→ What you need to do
With pictures omitted, copy exactly every line from the one that contains "Fuki Sushi |" to the end of the listing below.

→ Data extract

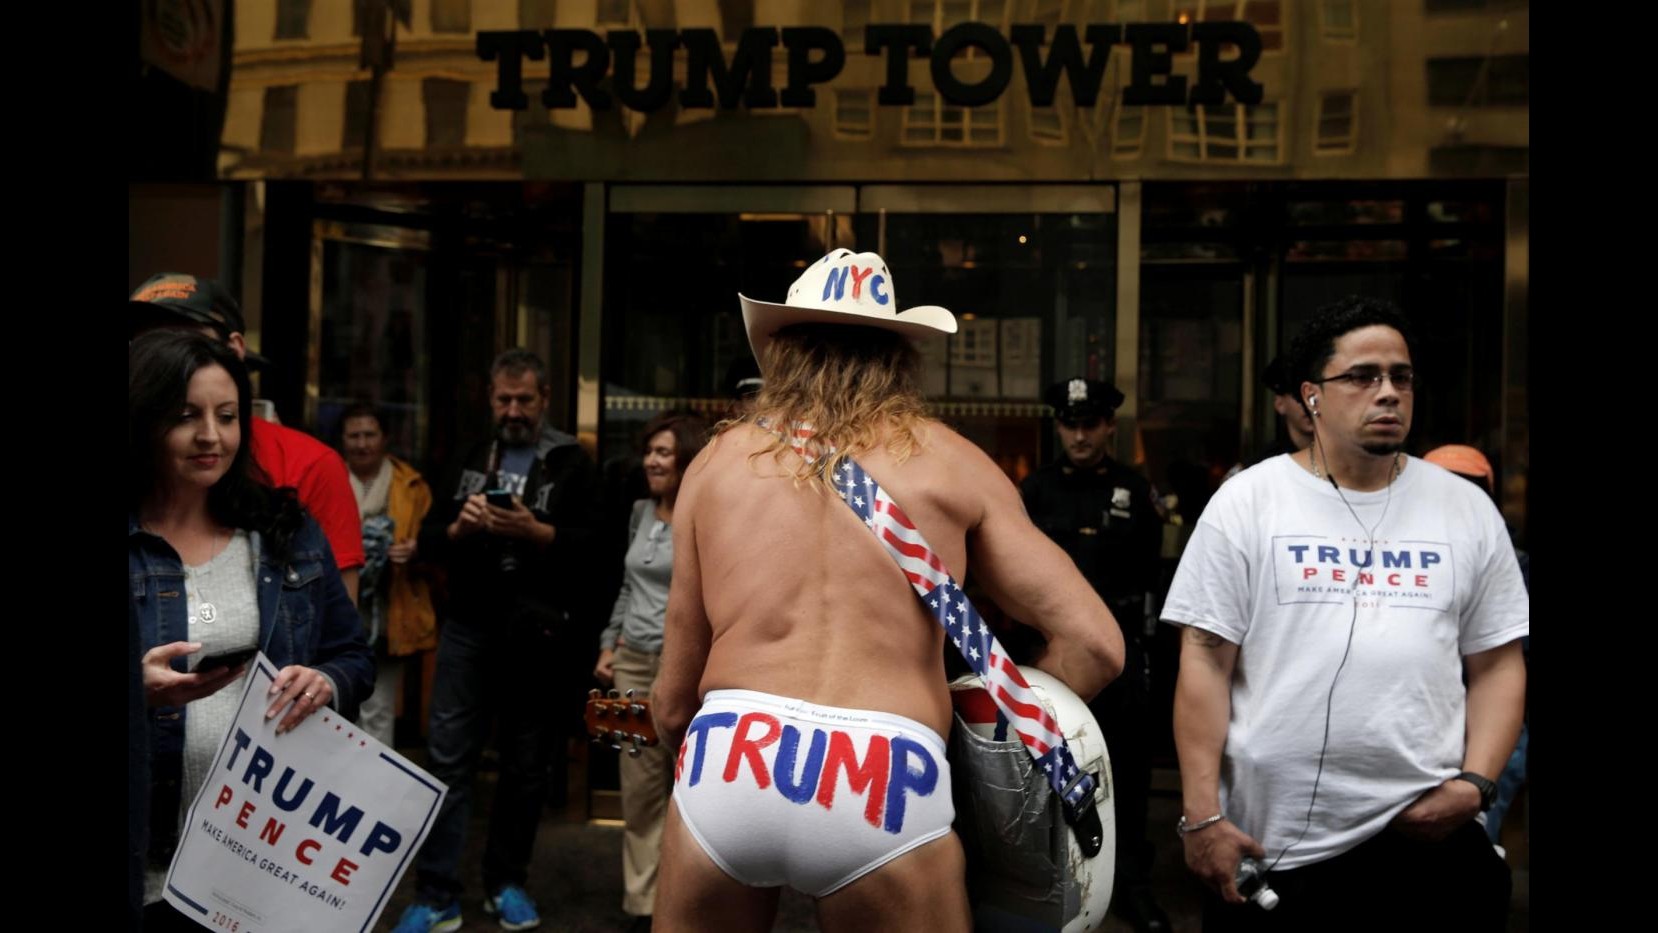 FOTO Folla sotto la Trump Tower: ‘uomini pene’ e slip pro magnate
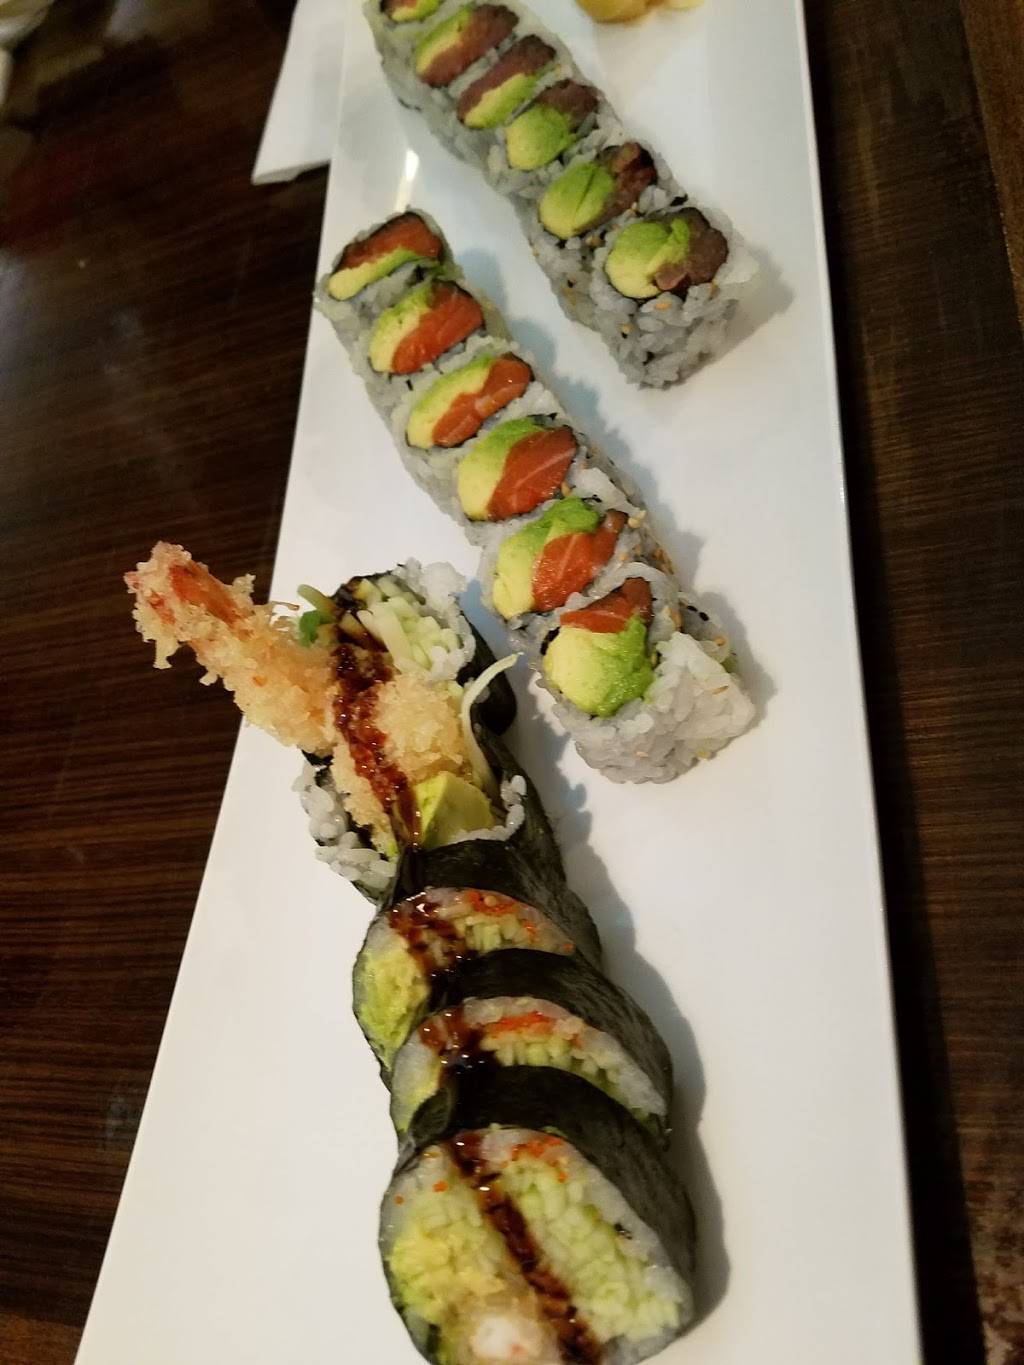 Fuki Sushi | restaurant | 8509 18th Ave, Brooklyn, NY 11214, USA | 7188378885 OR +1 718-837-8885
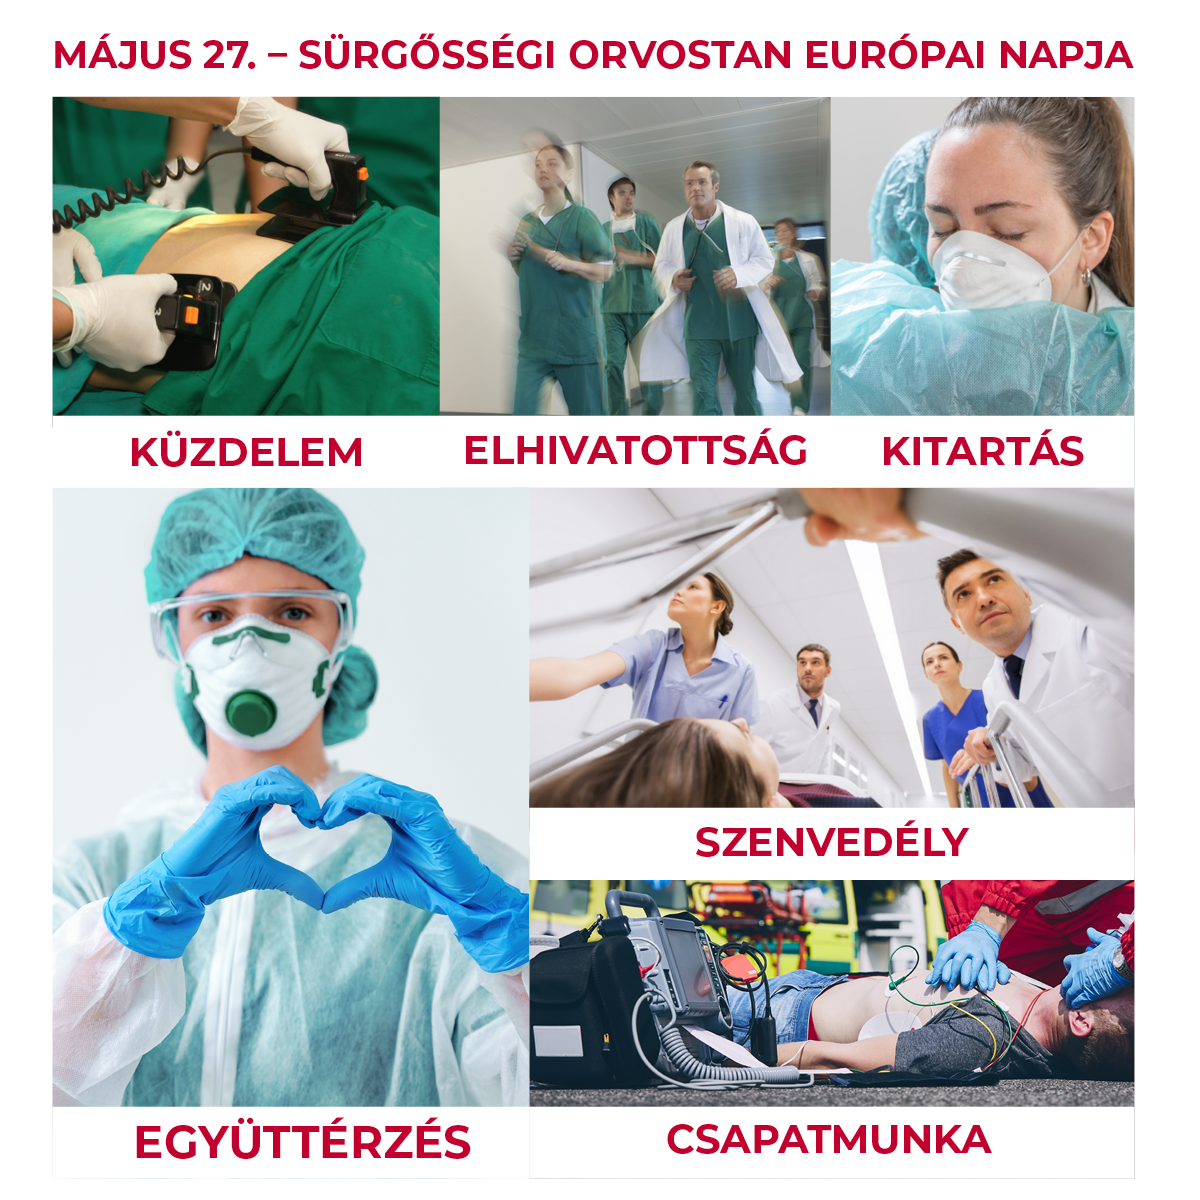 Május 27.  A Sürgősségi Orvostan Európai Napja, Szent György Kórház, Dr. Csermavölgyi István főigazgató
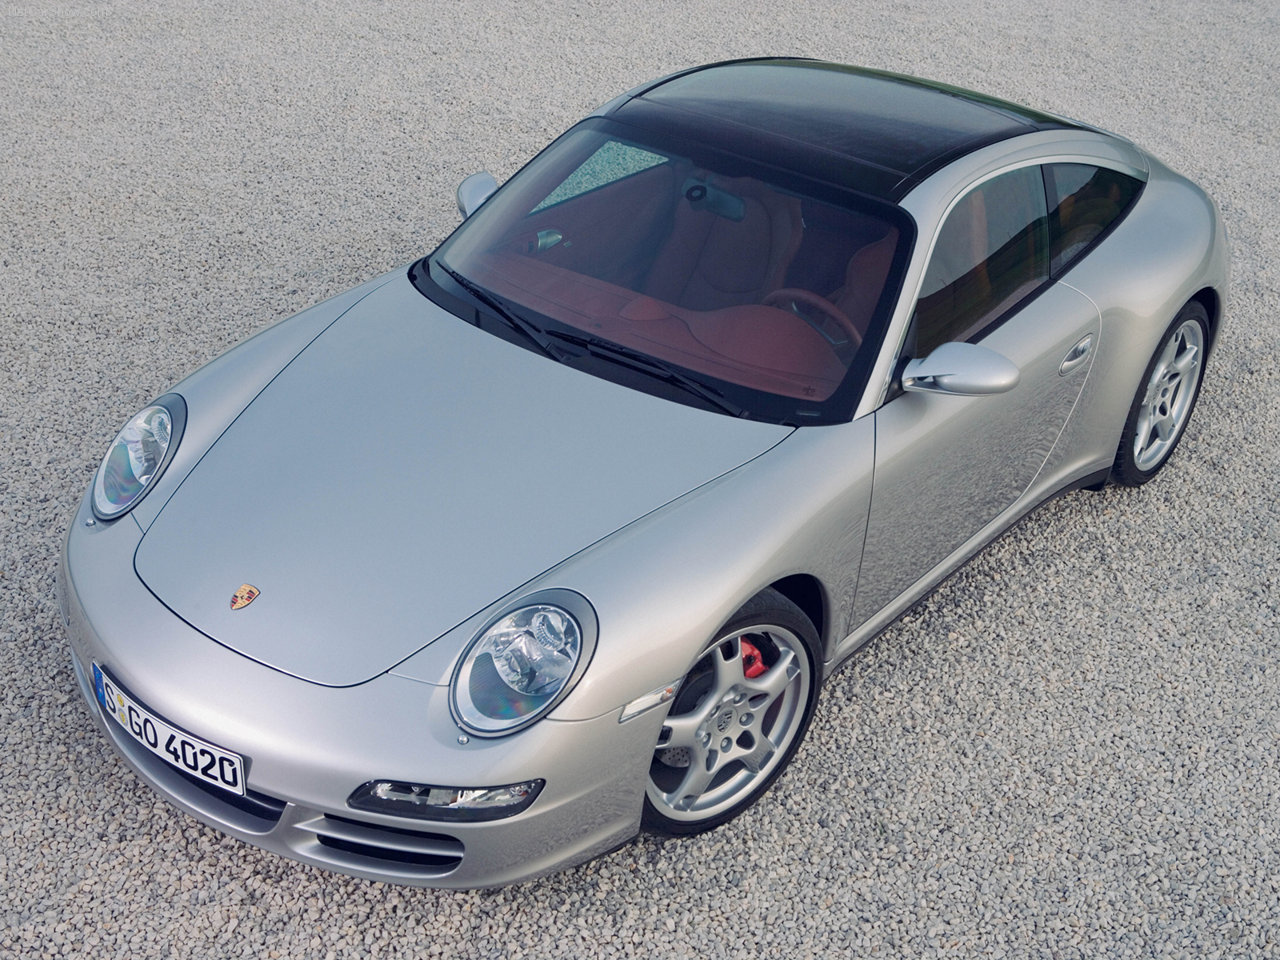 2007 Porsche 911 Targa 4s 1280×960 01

→ Output of the exercise
 Fuki Sushi | restaurant | 8509 18th Ave, Brooklyn, NY 11214, USA | 7188378885 OR +1 718-837-8885
 Május 27.  A Sürgősségi Orvostan Európai Napja, Szent György Kórház, Dr. Csermavölgyi István főigazgató
 2007 Porsche 911 Targa 4s 1280×960 01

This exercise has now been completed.